Colloquium
Department of Physics, NCU
Temperature-Dependent Electronic Structures of TMD Weyl Semimetals
Prof. Chun-Liang Lin(林俊良)
Department of Electrophysics, National Yang Ming Chiao Tung University
Date 2021.12.07 (Tue)
Place S4-625
Time 14:00-16:00
Abstract:
Transition metal dichalcogenides (TMDs) are layered materials with chemical compositions described as MX2. Here, M represents an element of transition metals such as Nb, Mo, and W, and X a chalcogen atom such as S, Se, and Te. Most TMDs are semiconducting with valley degrees of freedom to generate an application in information processing. On the other hand, MoTe2 and WTe2 are TMDs and have been proposed as candidates for Weyl semimetals [1, 2]. Both of them have gathered a great deal of attention because of the quasiparticles on their crystal surface behave as massless chiral fermions −Weyl fermions. One of the unique characteristics of Weyl semimetals is the emergence of a topologically protected surface state called Fermi arc, which can be observed by Angle-resolved photoemission spectroscopy (ARPES) and scanning tunneling microscopy (STM) based quasiparticles interference (QPI).

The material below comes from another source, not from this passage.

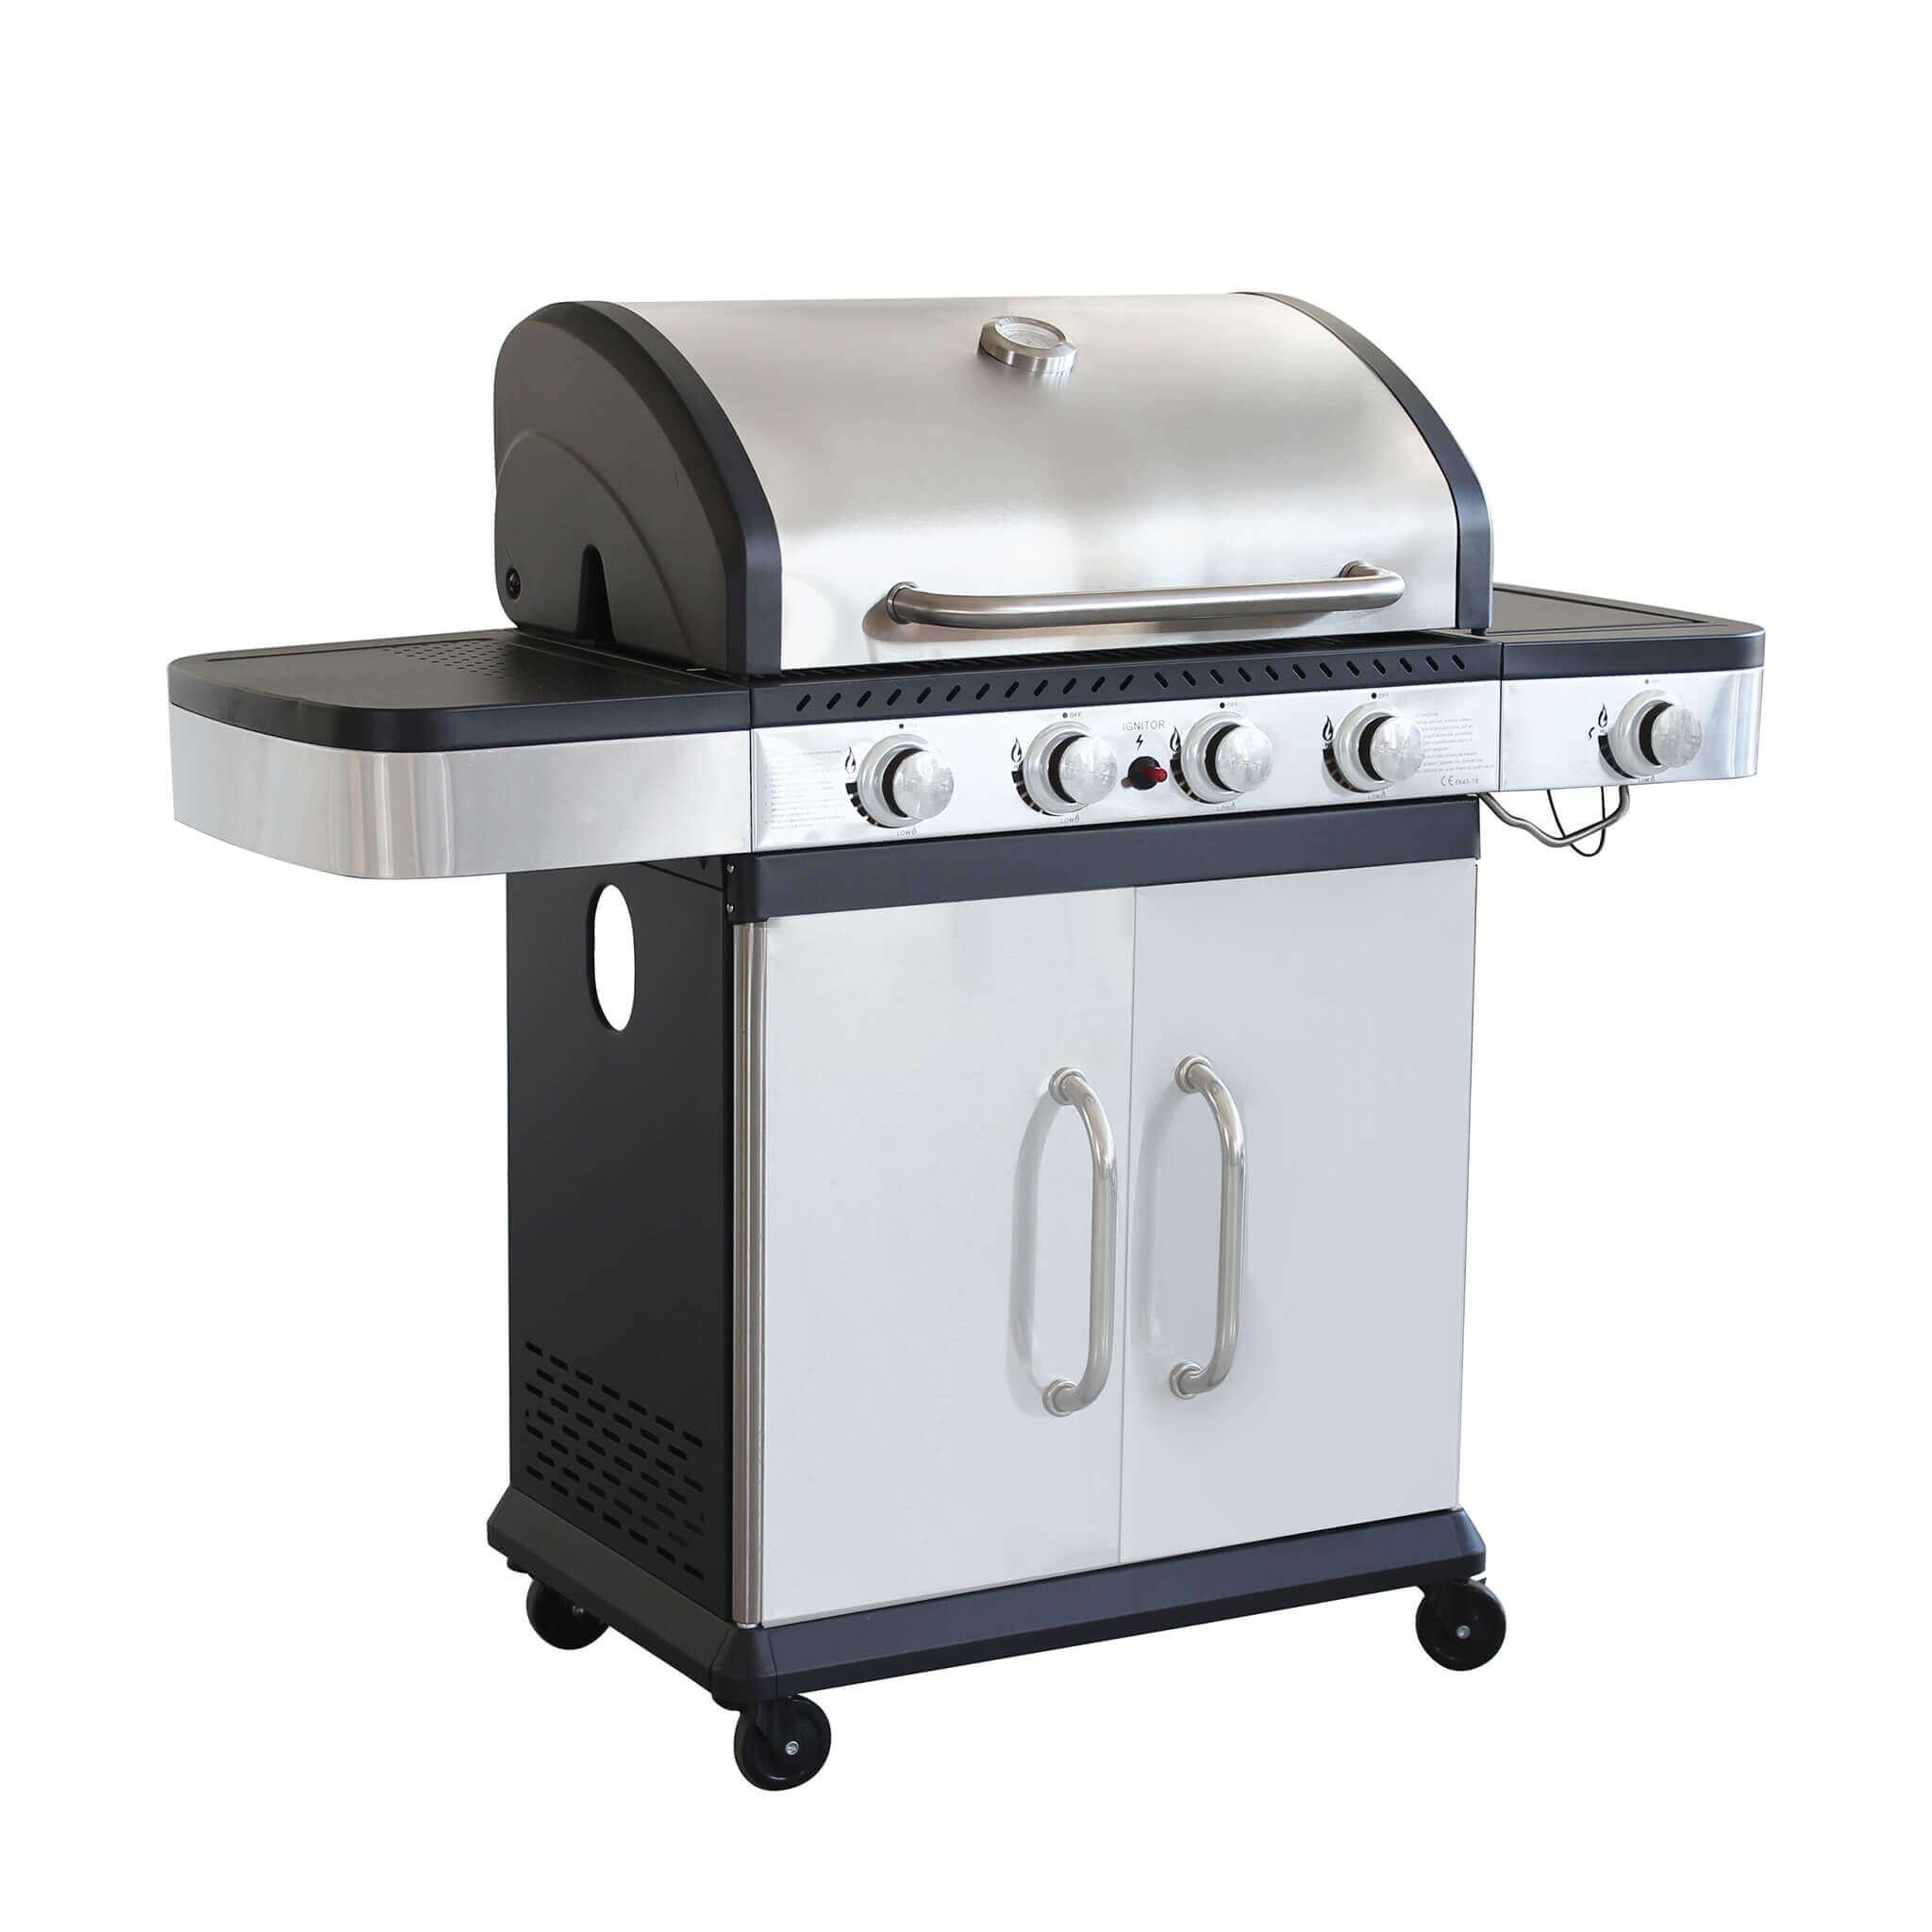 Milani Home PIROS - Barbecue a gas in acciaio inox 4 fuochi + 1 fuoco laterale

Recently temperature-dependent transport properties of both WTe2 and MoTe2 are reported [3, 4]. Therefore, it is urgent to reveal the temperature-dependent electronic structures of these TMD Weyl Semimetals. By using STM and STM-QPI, both structure and electronic structures of MoTe2 and WTe2 are clearly revealed. Surprisingly, huge variations are found in between the results measured at 5K and 77K. For WTe2, slight shifts of both two Fermi arc surface states (SS1 and SS2) and Weyl points (WPs) are obseverd. Much large variations are found in the results of MoTe2. The current work provides valuable insights into the temperature-dependent properties of TMD semimetals.
[1] C. L. Lin et al., J. Phys.: Condens. Matter 32, 243001(2020). [2] C. L. Lin et al., ACS Nano 11, 11459 (2017). [3] L. R. Thoutam et al., Phys. Rev. Lett. 115, 046602 (2015). [4] Q. L. Pei et al., Phys. Rev. B 96, 075132 (2017).